Suicide is the #2 killer of teenagers.
When I reveal this fact to friends, colleagues, or audiences,
I usually get a serious blank stare. It’s quite disturbing. Adolescent suicide meets every medical definition of an epidemic. More teenagers, and young adults die from suicide than from cancer, heart disease, AIDS, birth defects, strokes, influenza, and chronic lung disease, COMBINED.
Each day in the United States, 5,000 kids in grades 7 through 12 attempt suicide.
Four out of five of these kids have given clear warning signs.
Disappointingly, most medical practices are not equipped to handle these kids. These adolescents are typically being followed by a pediatrician, who is seeing 35 patients a day, and can not possibly give the time and focus that these kids need.
At the St. Jude clinic each appointment is 2 hours long.
I am often asked why would a beautiful young person with their whole life ahead of them, want to end their life. Sometimes the root of the problem is clear. However, the truth is, in most cases, no one knows. Not the kid, not their parents, not their teachers, not their friends, not their doctors, and not medical science. But not knowing the cause, does not mean than we are helpless to provide life saving treatment.
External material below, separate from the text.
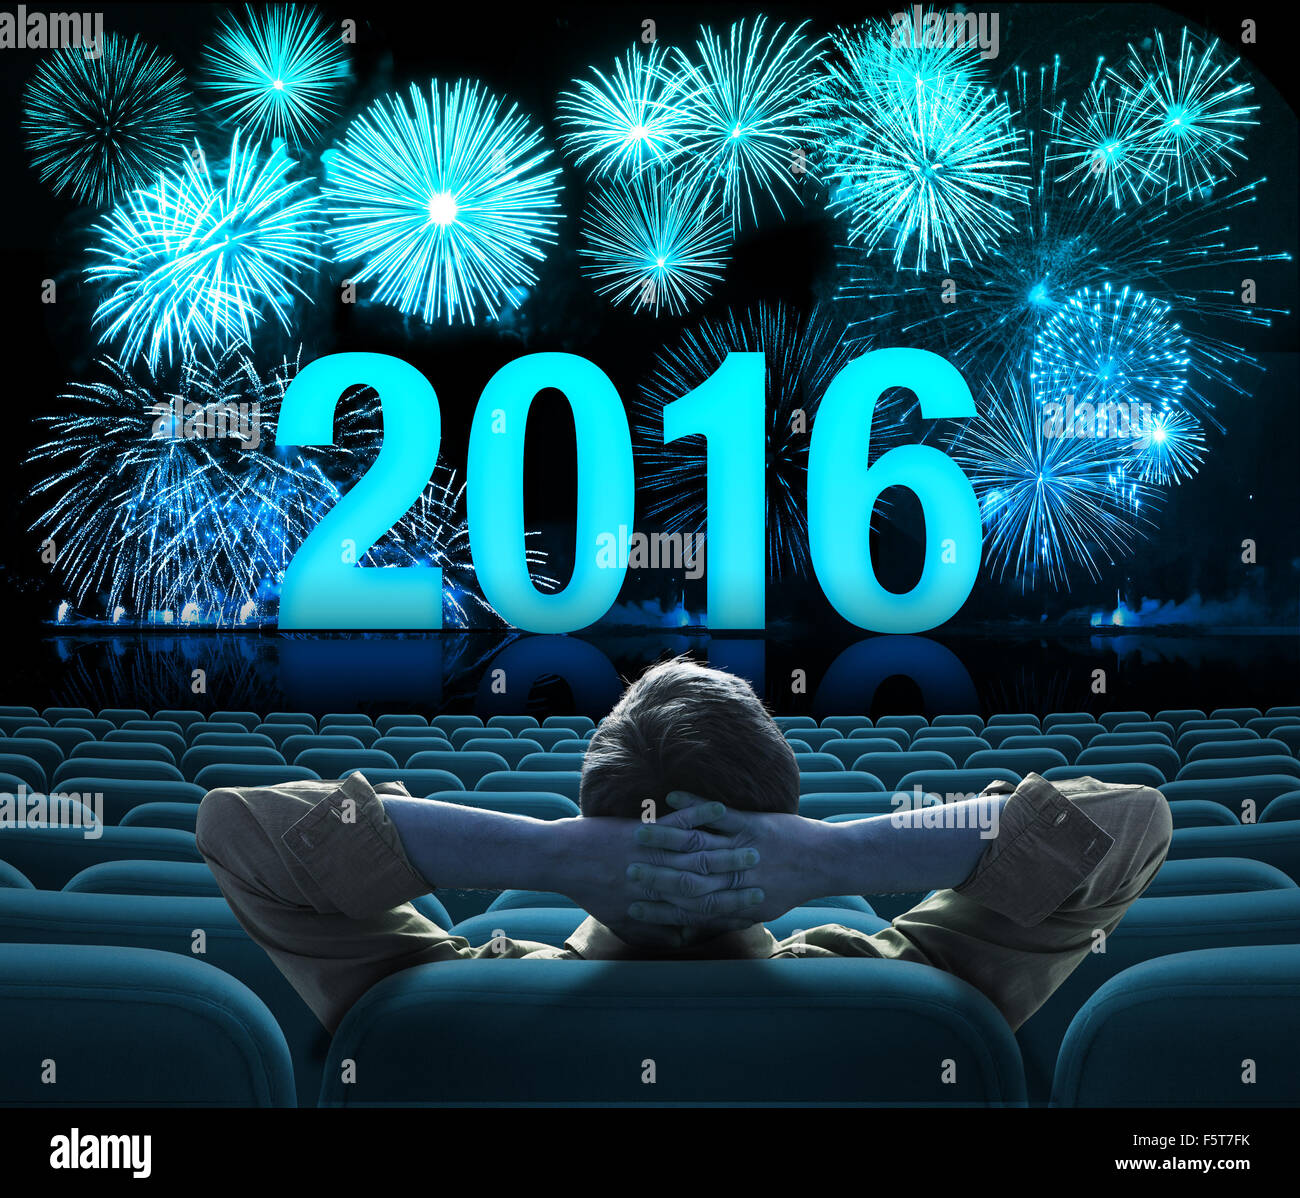 2016 new year fireworks on big cinema screen Stock Photo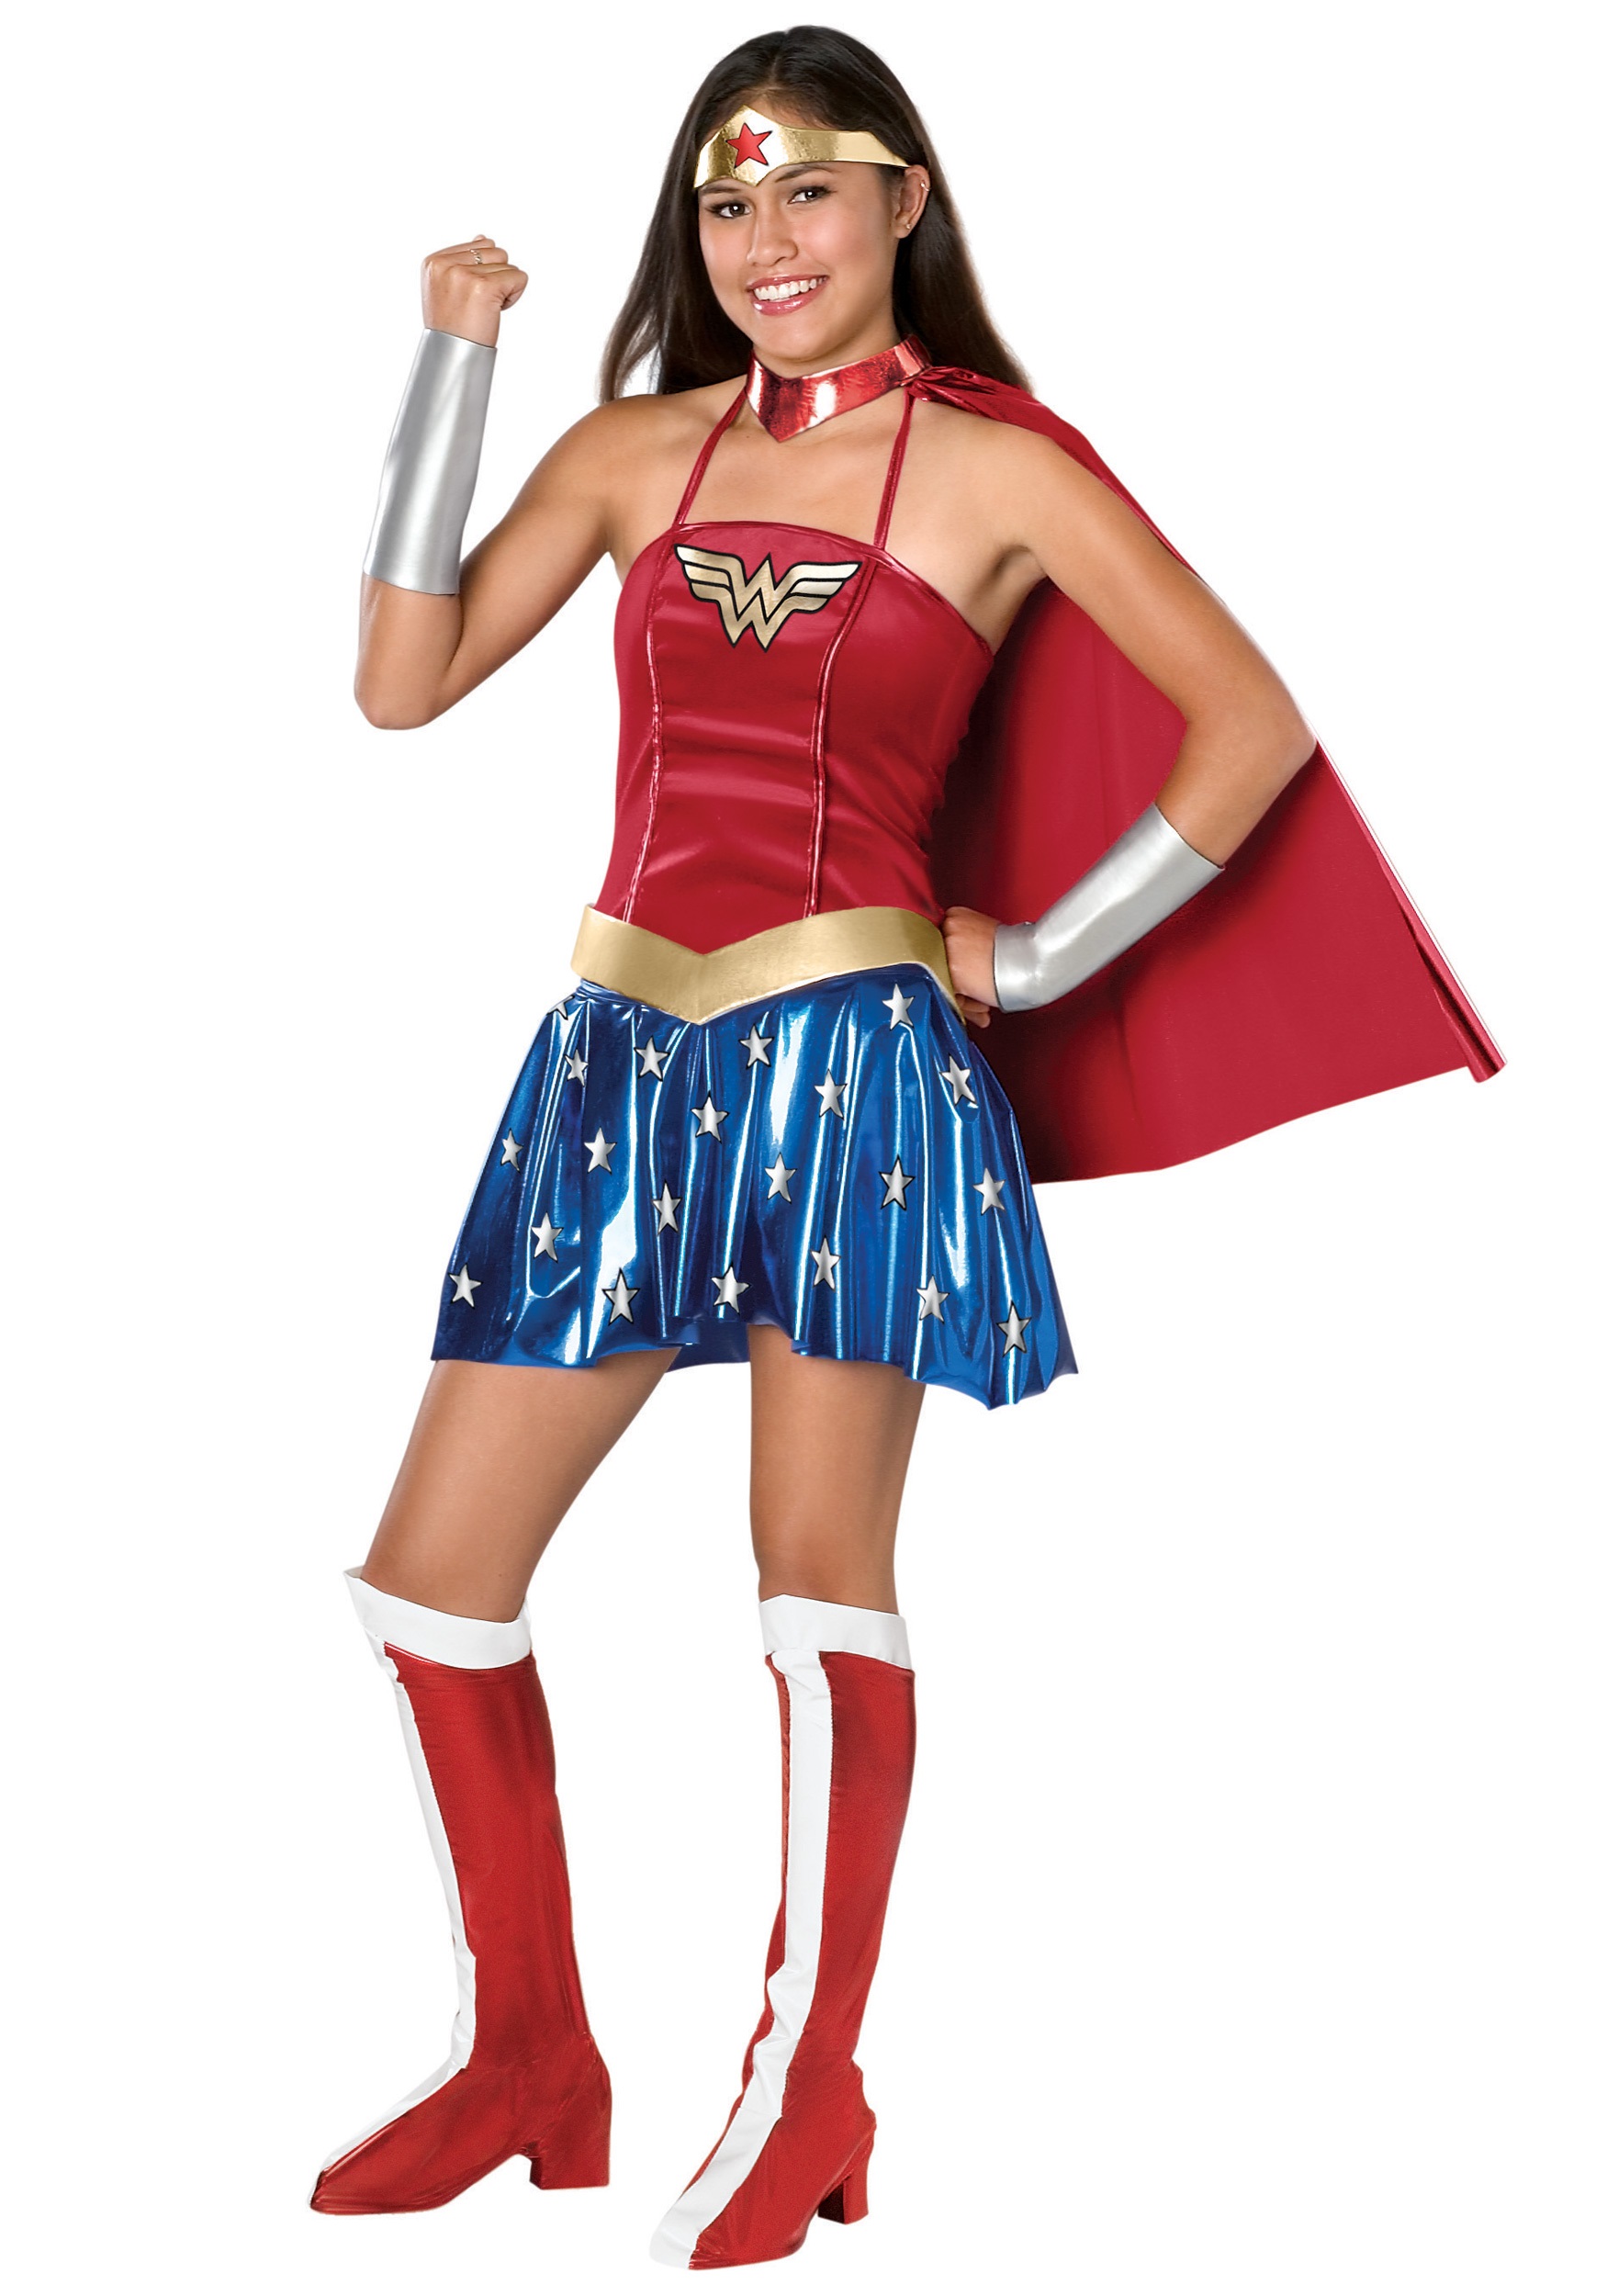 Image of Teen Wonder Woman Costume | Girl's Superhero Costume ID RU886023-TN

Medications, are helpful, when appropriate, and skillfully prescribed. Diet, exercise, supplements, sleep, and cognitive behavioral therapy, are tailored to eacn child.
But let me be clear…….The number 1 reason why a sick child becomes a well child, is the relationship that the doctor has with the child he is treating. There are no half measures when working with these kids. You have to be all the way in, otherwise there will be no emotional connection. And believe me, these kids know the difference.
You have to love them. When they feel that, they begin to slowly get better.
A 15 year old girl once said to me, “Dr. Mitch, I don’t feel normal, I feel like there is a part of my heart that is missing.”
“What part, I asked?”
She replied, “The part that makes you want to live.”
I said to her, “ok, I have a plan……..l’m going to take a piece of my heart, graft it on to your heart, and until you get better……..l’m going to live for both of us. When you feel your heart beating, that will be me, letting you know that I am right here with you.”
That’s how much you have to love them.